ETFs might be familiar if you follow the stock market. This category of investment has soared in popularity in recent years. A quick comparison of ETFs and mutual funds can help you understand why ETFs have become so popular. While mutual funds are alive and well, ETFs are like Gen Z — ready with the latest innovations.
Like different generations of the same family, ETFs and mutual funds share critical DNA, which is investment diversification. Both ETFs and mutual funds are pooled vehicles that give investors exposure to many securities at the same time. That's an important ingredient for reducing risk.

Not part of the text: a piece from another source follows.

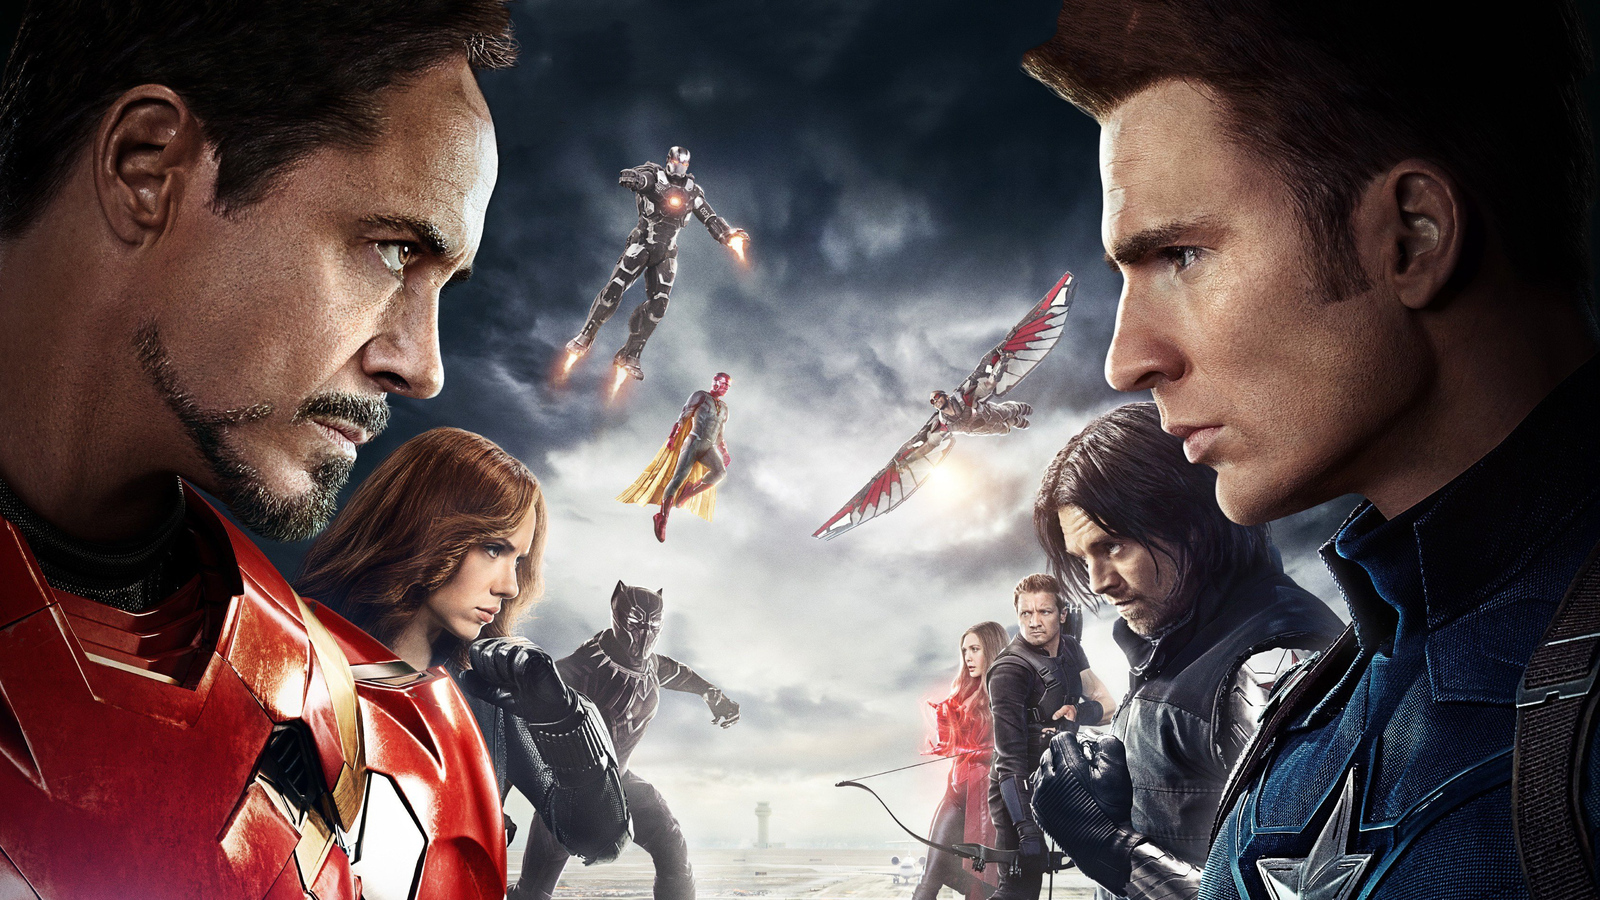 1600x900 Captain America Civil War Poster 1600x900 Resolution Hd
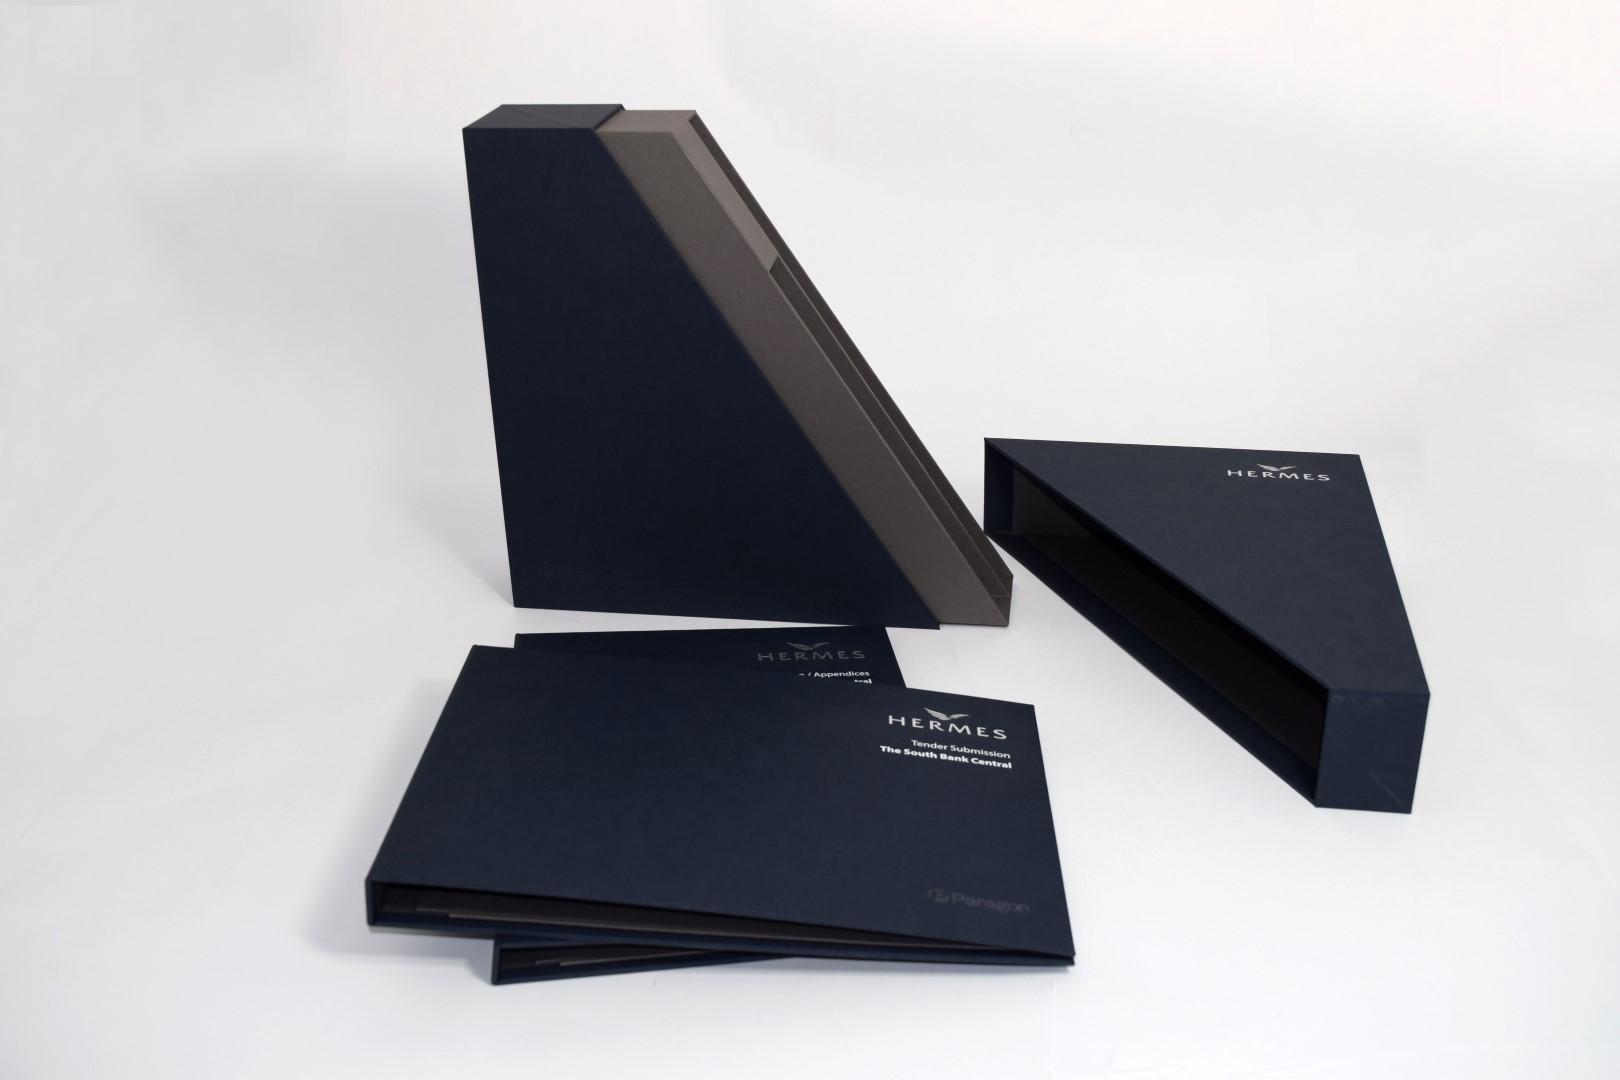 Presentation Bid Box

Both ETFs and mutual funds offer diversification by including the stocks of many companies, which is a tool for reducing risk that also saves you the trouble and expense of buying many securities yourself.
ETF is an abbreviation for "exchange-traded fund," and that's the basis for the most important differences from a mutual fund. ETFs own many stocks and trade on exchanges alongside some of the stocks they own. From 9:30 a.m. to 4:00 p.m. Eastern Time, the price of an ETF can change as stock prices change, as well as for other reasons. Investors can buy or sell at the current market prices. Mutual fund buying and selling, in contrast, happens at the end of the day and is based on only the net asset value of the fund, which reflects the closing prices of the underlying stocks held by the fund.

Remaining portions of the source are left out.